What is network protocol reverse engineering

  • According to reference, a certain of traffic on backbone networks worldwide comprises protocols of nonpublic descriptions such as C&C botnet servers, data link networks, wireless network protocols, instant messaging protocols and industrial control protocols.

  • Automatic protocol reverse engineering processes undocumented protocols to deduce message formats without a priori knowledge of protocol specifications. With the help of closed-protocol analysis, network protocol reverse engineering (NPRE) plays an important role in network management and security applications (e.g. intrusion detection systems and vulnerability mining).

  • In early, network protocol analysis was intuitively performed by hands. Then, the protocol analyzer tools were considered such as tcpdump or Ethereal. Now, the methods of automatic protocol analyses are developed by the researchers because of the time-consuming and diverse works in the different NPRE. To date, network-based, program-based and hybrid methods have constituted the types of NPRE techniques.

What is the algorithm of PI (Protocol Informatics)

  • An early attempt in automatic NPRE, such as Protocol Informatics (PI) Project, applied a multiple sequence alignment (MSA) algorithm to extract the protocol structure and infer message fields from network traces.

  • The core of PI project is the sequence alignment.
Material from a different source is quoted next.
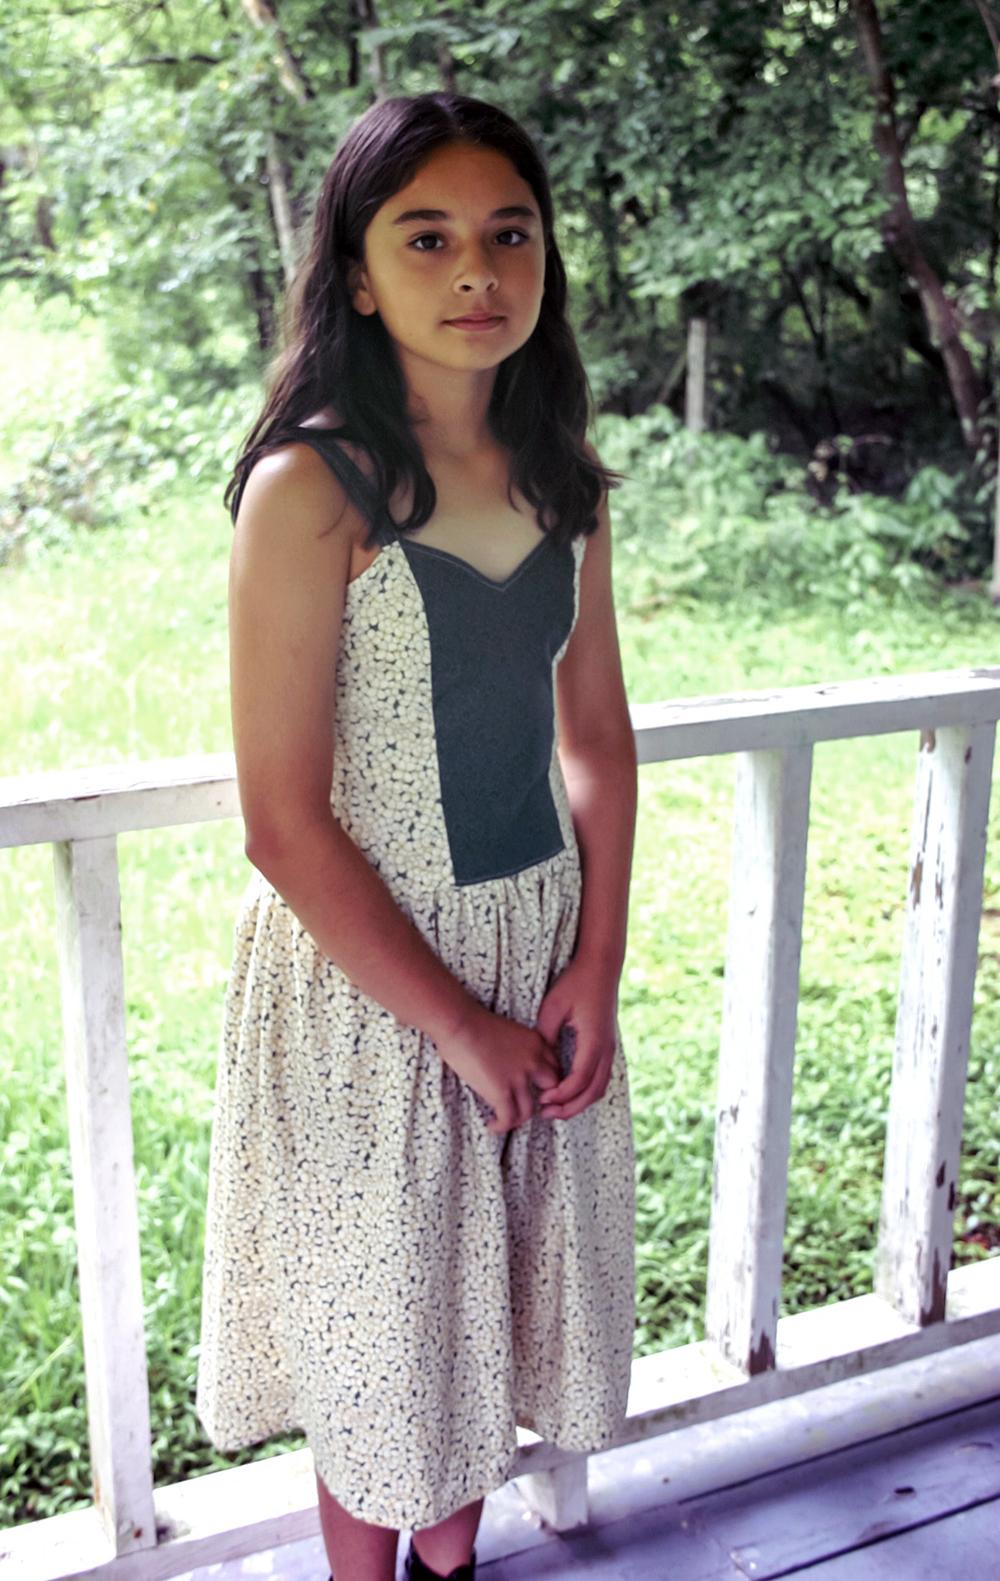 Liberty's Culottes Romper Sizes XXS to 3X Adults PDF Pattern

The sequence alignment algorithm at first was used for the DNA similarity detection. The author of PI project found the sequence alignment algorithm from bioinformatics is applicable to the field extraction of protocol sequences as well.
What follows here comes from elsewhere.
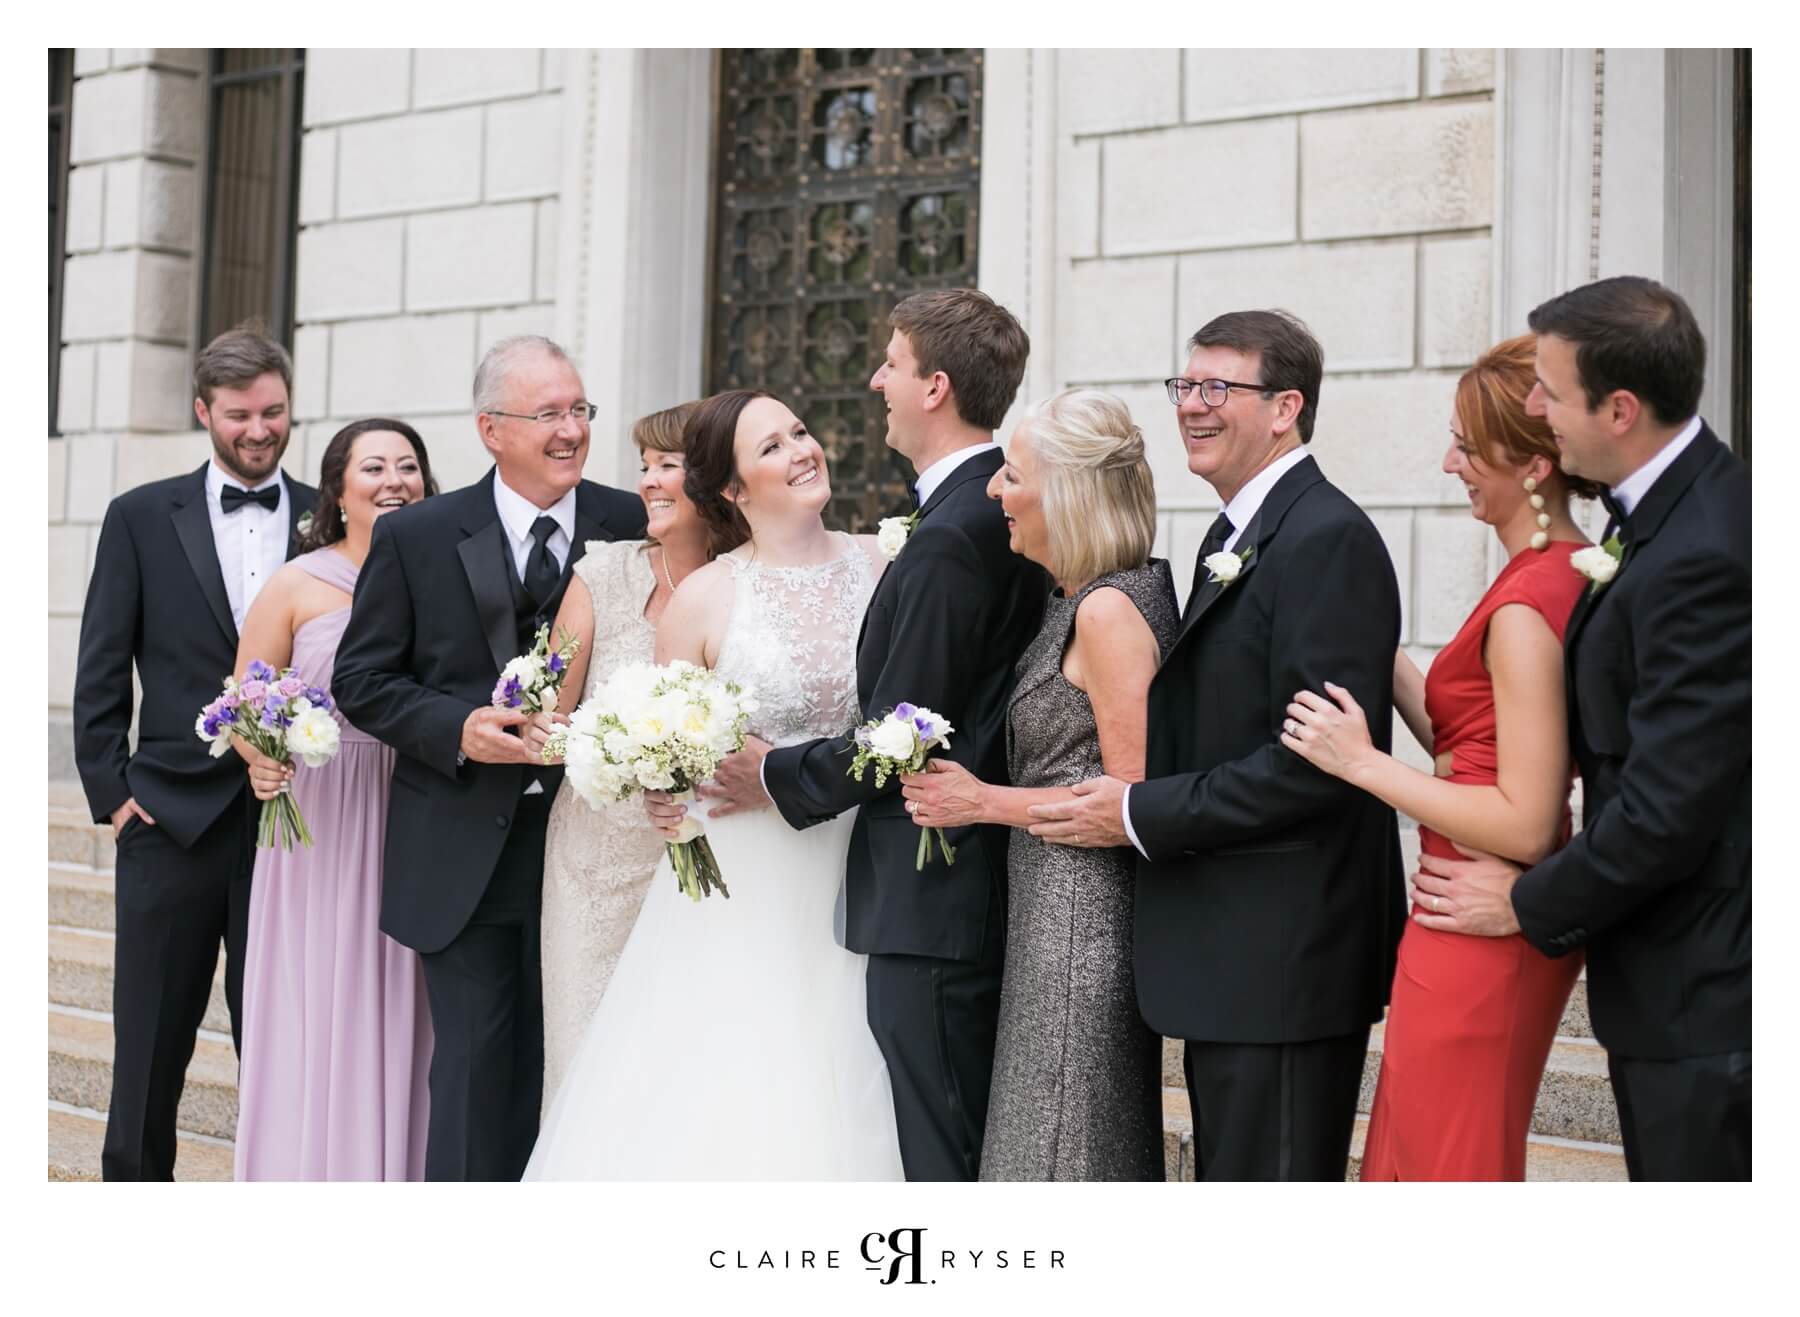 Claire and David Wedding Blog 15.jpg

  • The paper entitled Network Protocol Analysis using Bioinformatics Algorithms has been presented by its author Marshall A. Beddoe. The principle of algorithm can be outlined as the follow.

What is code of PI

  • PI code was writted by Python 2.x. In the old version of PI-0.01.tgz, PI.tgz imported the Numerical function which was outdated. So, another author @phreakocious has produced the PI-0.02beta.tgz version which has conquered the Numertical warnings by using the new function of NumPy. It is really excellent work that Marshall A. Beddoe and @phreakocious do.

  • In the python environment, PI code complements the job of comparing two sequences of frames or packets to give two new sequences with the symbol of gap as the follow. The example as follows can illustrate that the sequence alignment algorithm can analyse the common and diversity fields of packets or frames when comparing two different protocol sequences by the sequence alignment.

Input Two Network Packets
http://github.com/TomSmith/Hello-World
https://github.com/STAN/HelloWorld
Output
http_://github.com/_TomSmith/Hello-World
https://github.com/STAN_____/Hello_World

The development of PI project Programming Code

  • In 2004, the old version of PI-0.01.tgz was uploaded to this website http://www.4tphi.net/~awalters/PI/PI.html by the author of PI project. He has a lecture on the Toorcon 2004 conference, which has a video recording on the Youtube.

  • Now his old version code of 4tphi.net domain has disappeared. Instead, a new domain name http://phreakocious.net/PI/ has been changed during March, 2017. The PI-0.02beat version code has been uploaded to this new website. The author phreakocious contributes the important work as well.

The characteristics of PI project Code

  • For the 0.01 version, the old code has several errors. The data structures adopted the Numerical library, which has been disappeared in the new library of Numpy.

  • For the 0.02 version, this code has several updates. According to the author, there are some enhancements to the original tool:

  • Replaced the deprecated Numeric Python library with numpy.

  • Detection of terminal width to maximize screen real estate using python-consolesize.

  • Updated command line arguments for xargs in Makefile.